Step 4: Ceramic Dipping
The ceramic shell will serve as the final mold for casting once the printed material has vaporized during the burnout process.
- Create the mold by alternately immersing the parts tree in a ceramic slurry and an extremely fine silica compound. Care should be taken to make sure the part is neatly and evenly coated during both steps, and that no gaps are present.
- The number of times this process will need to be repeated varies. Generally, at least 5 coats are recommended, and for parts with intricate structures, 7-9 coats are recommended to prevent damage to the shell during casting.
- It is important to let each coat completely dry before repeating this step. Once the shell has reached desired thickness (approximately .3.75 in, or 9.525 mm on average), it is ready for burnout.
Step 5: Burnout
The burnout process serves to both sinter, or harden, the ceramic shell, and to burn out the printed material inside to create the mold.
- Place the coated parts tree assembly in a kiln or furnace, cup side down. Generally, the shell will be heated to around 1100-1200°C for approximately 40-60 minutes.
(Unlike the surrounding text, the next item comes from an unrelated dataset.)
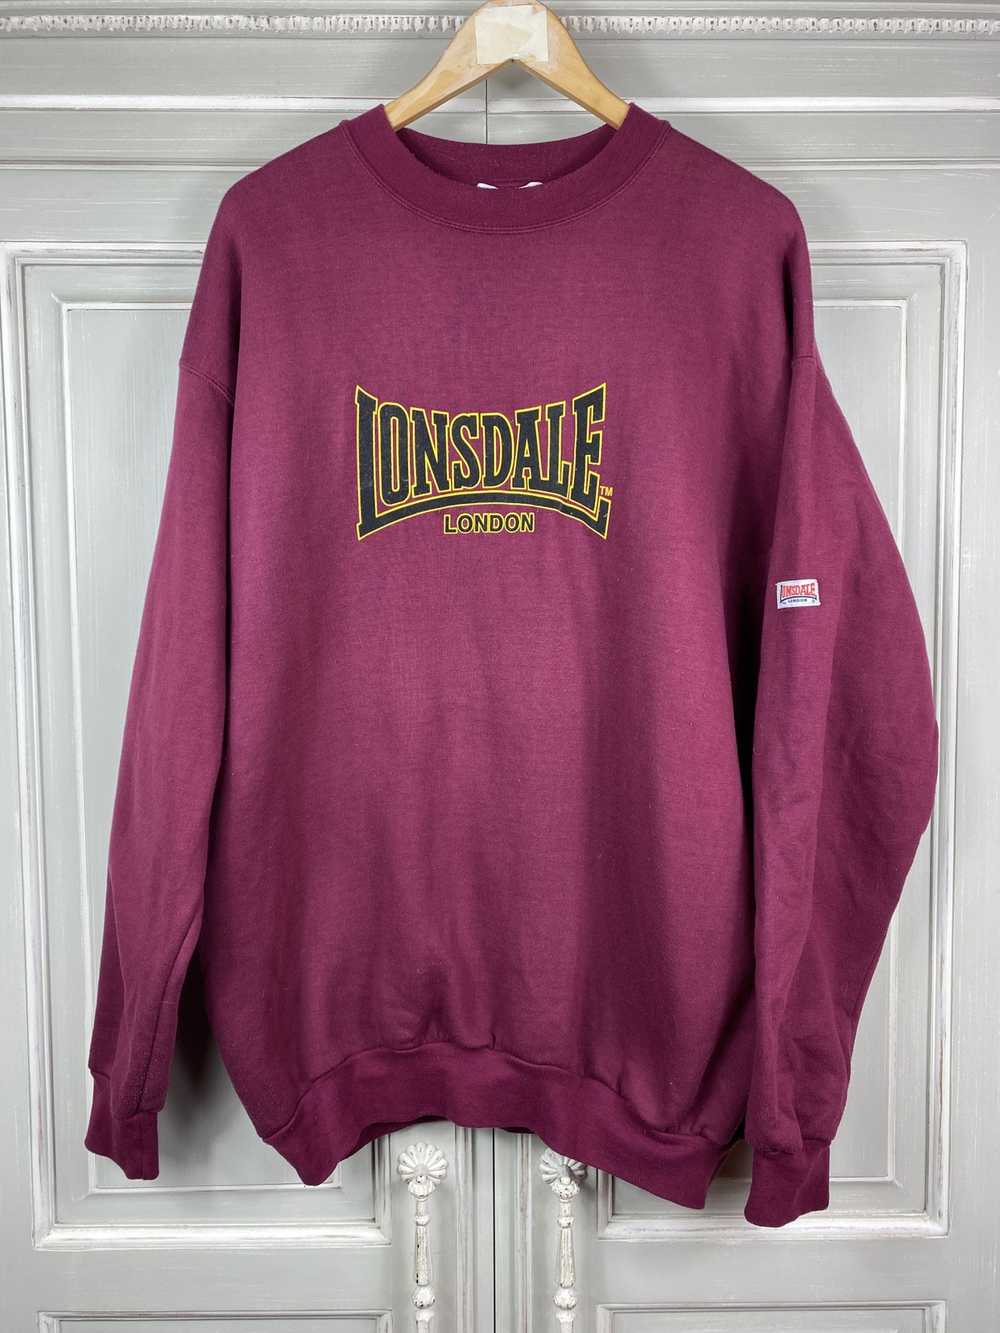 Lonsdale women tracksuit Lurgan - Ladies Sweatshirts - Lonsdale London

(Note: The exact time and temperature will be determined by the type of furnace or kiln used, and by the specific metal part that will be produced.) - After the printed material has burned off, allow the shell to cool completely.
Step 6: Casting
The shell is prepared and pre-heated to accept the molten metal for casting.
- If there is any ash or debris remaining in the shell after burnout, rinse the inside of the shell before proceeding to the next step.
- Pre-heat the shell for pouring by placing it in the kiln. Temperatures may vary, although generally they will be around 550-1100 °C.
- Pour the molten metal into the shell while the shell is still hot. The metal will flow through the sprues and into the mold cavity. The mold and casting will cool and contract at the same rate, creating a part with excellent dimensional accuracy.
- Allow the metal to cool and solidify completely. Some castings may take longer to solidify than others depending on the material used and the thickness of the part.
Step 7: Cleanup
The part is removed from their ceramic shells and the sprues are removed, preparing it for its final finishing.
- After the part has completely cooled, it is ready to be removed from the ceramic mold. The mold can be broken down and removed from the part manually, or with other methods like pneumatic jacks or water jets.
- Remove the sprues from the part. This can be achieved with sawing, cutting, sanding, or by using a plasma cutter.
Step 8: Patina
The desired finish will depend on the material used and the part’s intended purpose. For some materials, a patina works well. For others, a protective coating to guard against corrosion is all that will be necessary. For reference purposes, we will address the two materials used in the video included with this tutorial.
- For bronze parts, apply a coating of sulfurated potash. After baking in another oven , add a coat of ferric iron, followed by a layer of sealant to preserve the finish.
- For steel parts, especially those that will be used for functional prototypes, a coat of protective sealant is all that will be needed.